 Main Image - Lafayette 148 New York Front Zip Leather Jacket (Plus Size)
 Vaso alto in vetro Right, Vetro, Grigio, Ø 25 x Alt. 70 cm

---

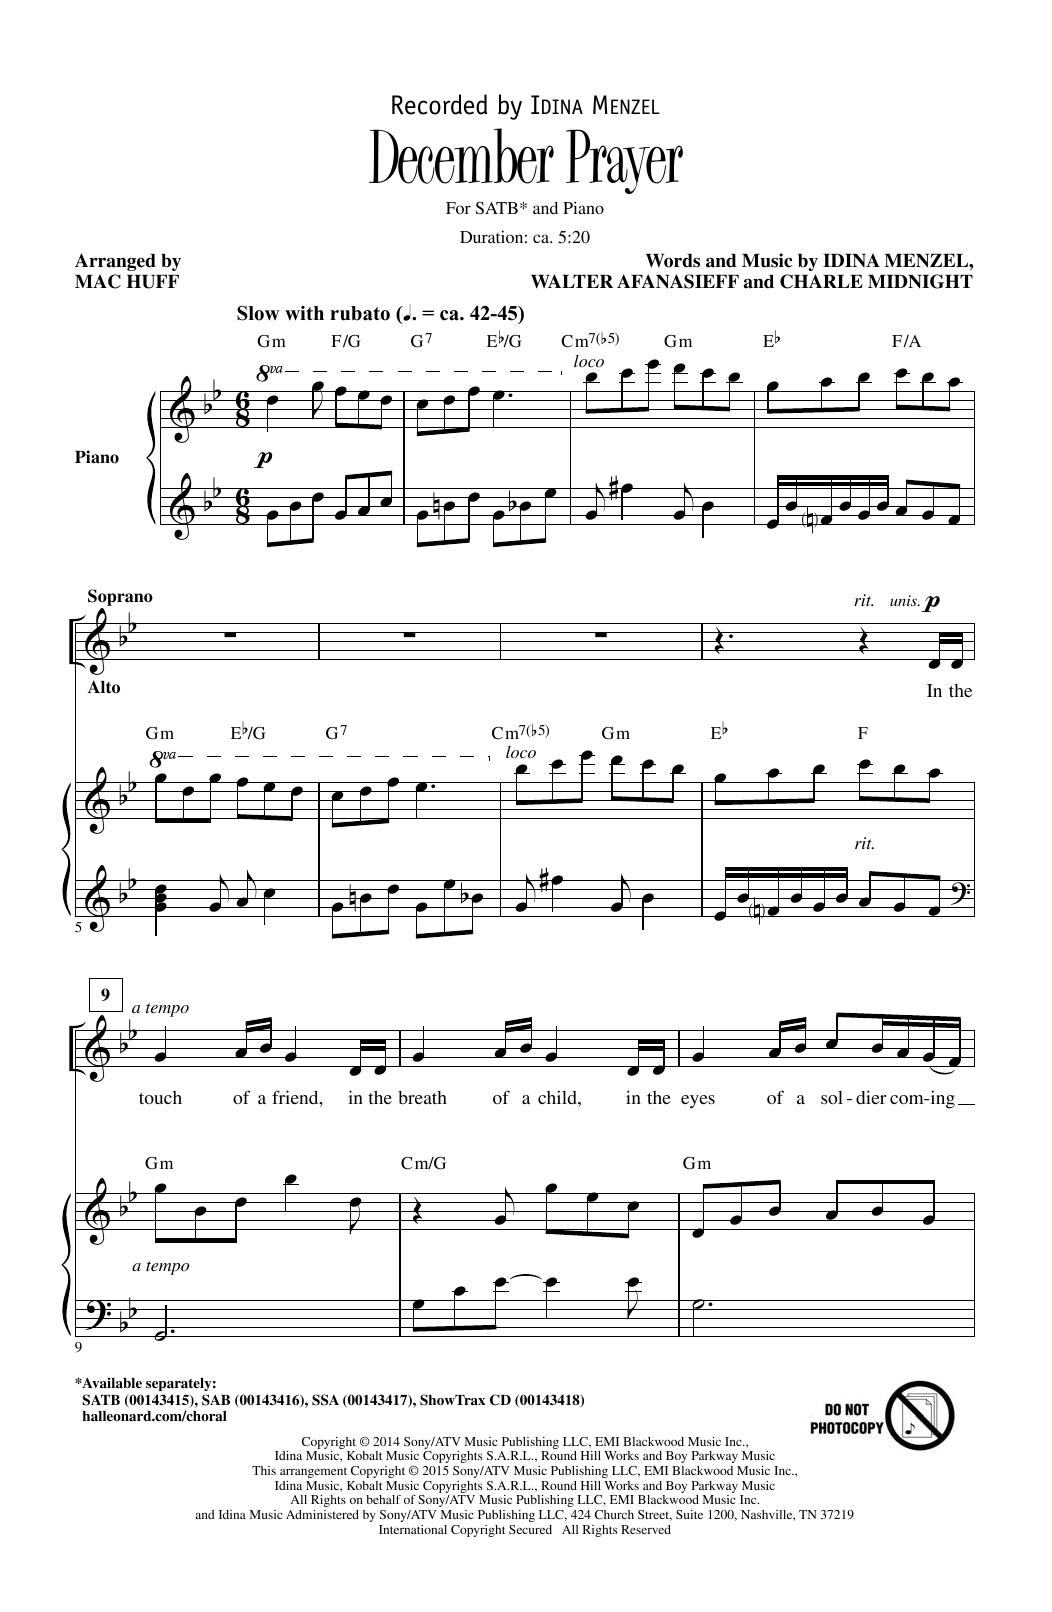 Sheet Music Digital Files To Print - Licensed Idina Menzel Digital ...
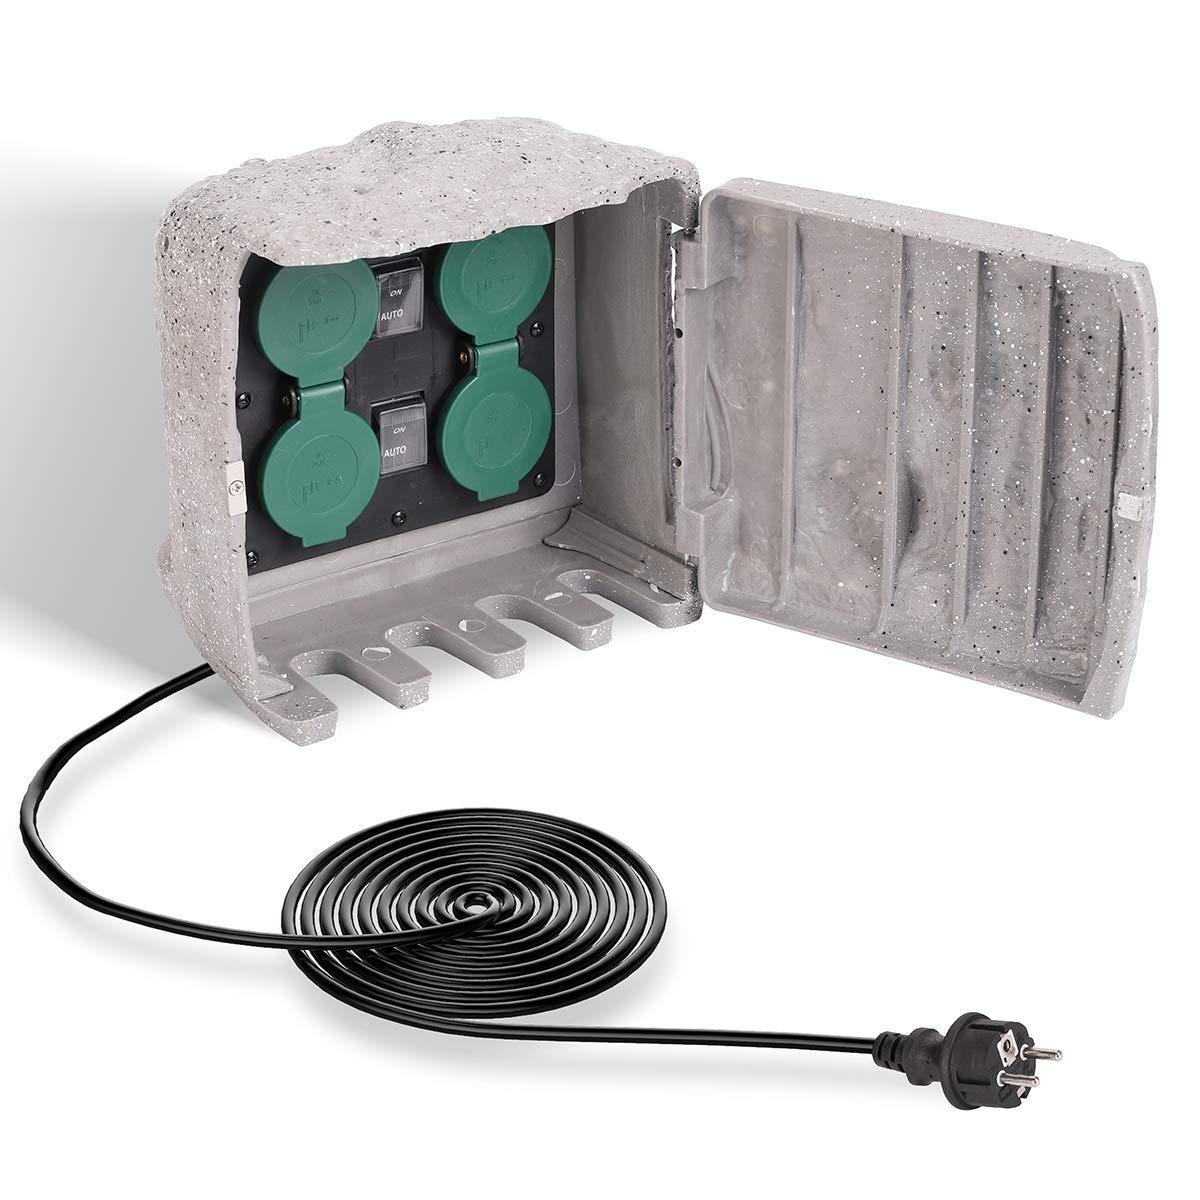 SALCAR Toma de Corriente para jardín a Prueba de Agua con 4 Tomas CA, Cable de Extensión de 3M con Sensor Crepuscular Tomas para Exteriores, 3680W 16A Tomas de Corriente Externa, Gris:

WHAT TO WORK ON: In the listing above, find the line holding "Sheet Music Digital" and the line holding "SALCAR Toma de". Reproduce those two lines and all between them exactly, leaving out pictures.

RESULT:
 Sheet Music Digital Files To Print - Licensed Idina Menzel Digital ...
 SALCAR Toma de Corriente para jardín a Prueba de Agua con 4 Tomas CA, Cable de Extensión de 3M con Sensor Crepuscular Tomas para Exteriores, 3680W 16A Tomas de Corriente Externa, Gris:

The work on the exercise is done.